Birth education class coming to Tyler Public Library on Sunday
Published 7:15 pm Wednesday, November 28, 2018
- (Texas Tribune)
The Tyler Public Library will hold a pregnancy class that coaches women and their partners on the weeks leading up to delivery through the weeks after childbirth.
The free, three-hour class on Sunday will be at 1:30 p.m. in the maker space in the library at 201 S. College Ave. The class is the second of a two-part series, but participants still can attend if they did not attend the first.
“I’m really passionate about providing women and their partners with an empowering birth experience, and I think that education is the key to empowerment,” said Laura McHugh, who is leading the event.
McHugh is a doula, which she described as a nonmedical professional who helps women get through pregnancy and childbirth similarly to the way translators help people get around foreign countries when they don’t speak the language.
She said the public class would focus on the time shortly before giving birth, when a woman may experience false labor, as well as breathing and getting comfortable during labor and the few weeks after the baby is born.
“A doula is really an empowering thing for a woman to have at her side, and it is something (that can be helpful) if a woman is choosing an elective C-section, or she wants a home birth, or a fully medicalized birth,” McHugh said.

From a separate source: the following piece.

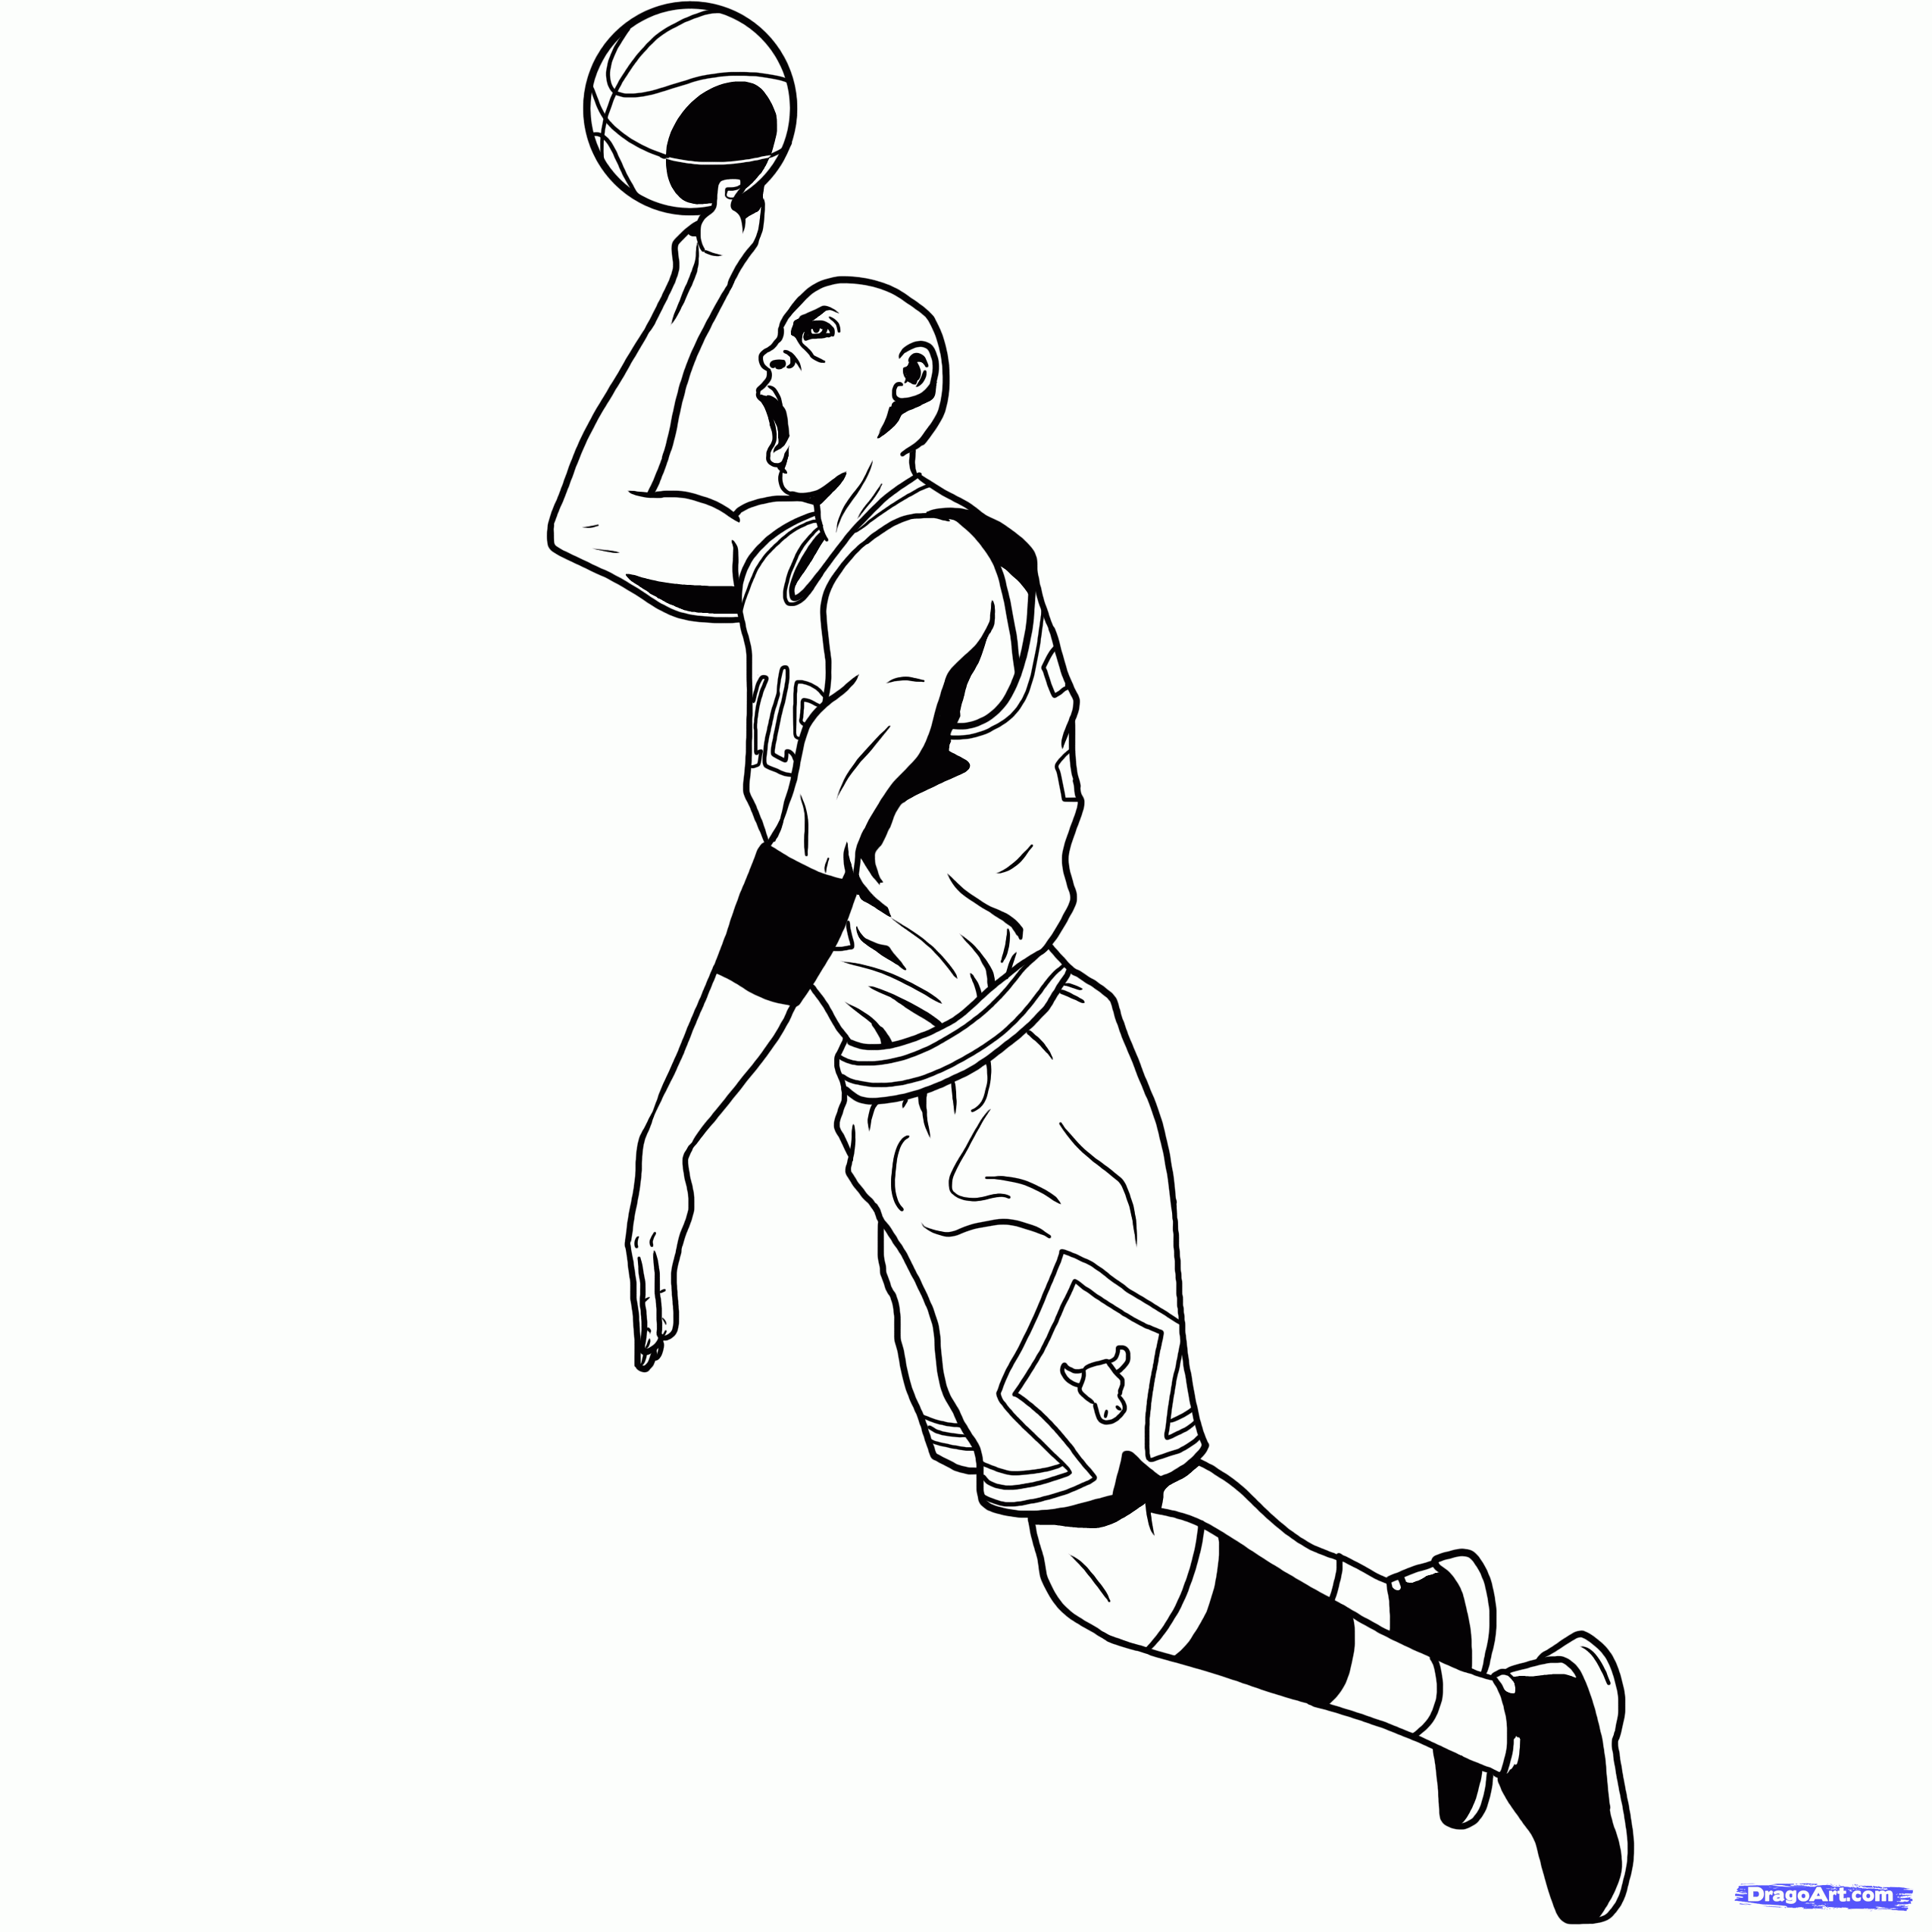 How To Draw Michael Jordan Dunk Drawing Sketch Coloring Page

“There’s a place for a doula in whatever kind of birth you want,” she said. “The research shows that a doula dramatically reduces the need for medical intervention, so we’re able to provide alternative support.”
McHugh also addressed stereotypes about doulas being for hippie parents. “We’re professionals,” she said. “I come in in pants and a T-shirt usually, and no long, flowing skirt, no chanting.”
Aleya Stone, a reference librarian at the Tyler Public Library, said the library staff worked closely with McHugh to come up with the right scheduling for the class, and has purchased fitness balls to use during the class.
Stone said the library is thinking about offering future classes as an evening series for several weeks in a row, or something else, depending on what feedback the staff receives about classes.
Stone said birth education classes fit in with her goals as a librarian “to engage the community and bring information and educational programs” to the community.
“We have a lot of people in our community who have knowledge that other people need, and they just need a place to do that,” she said.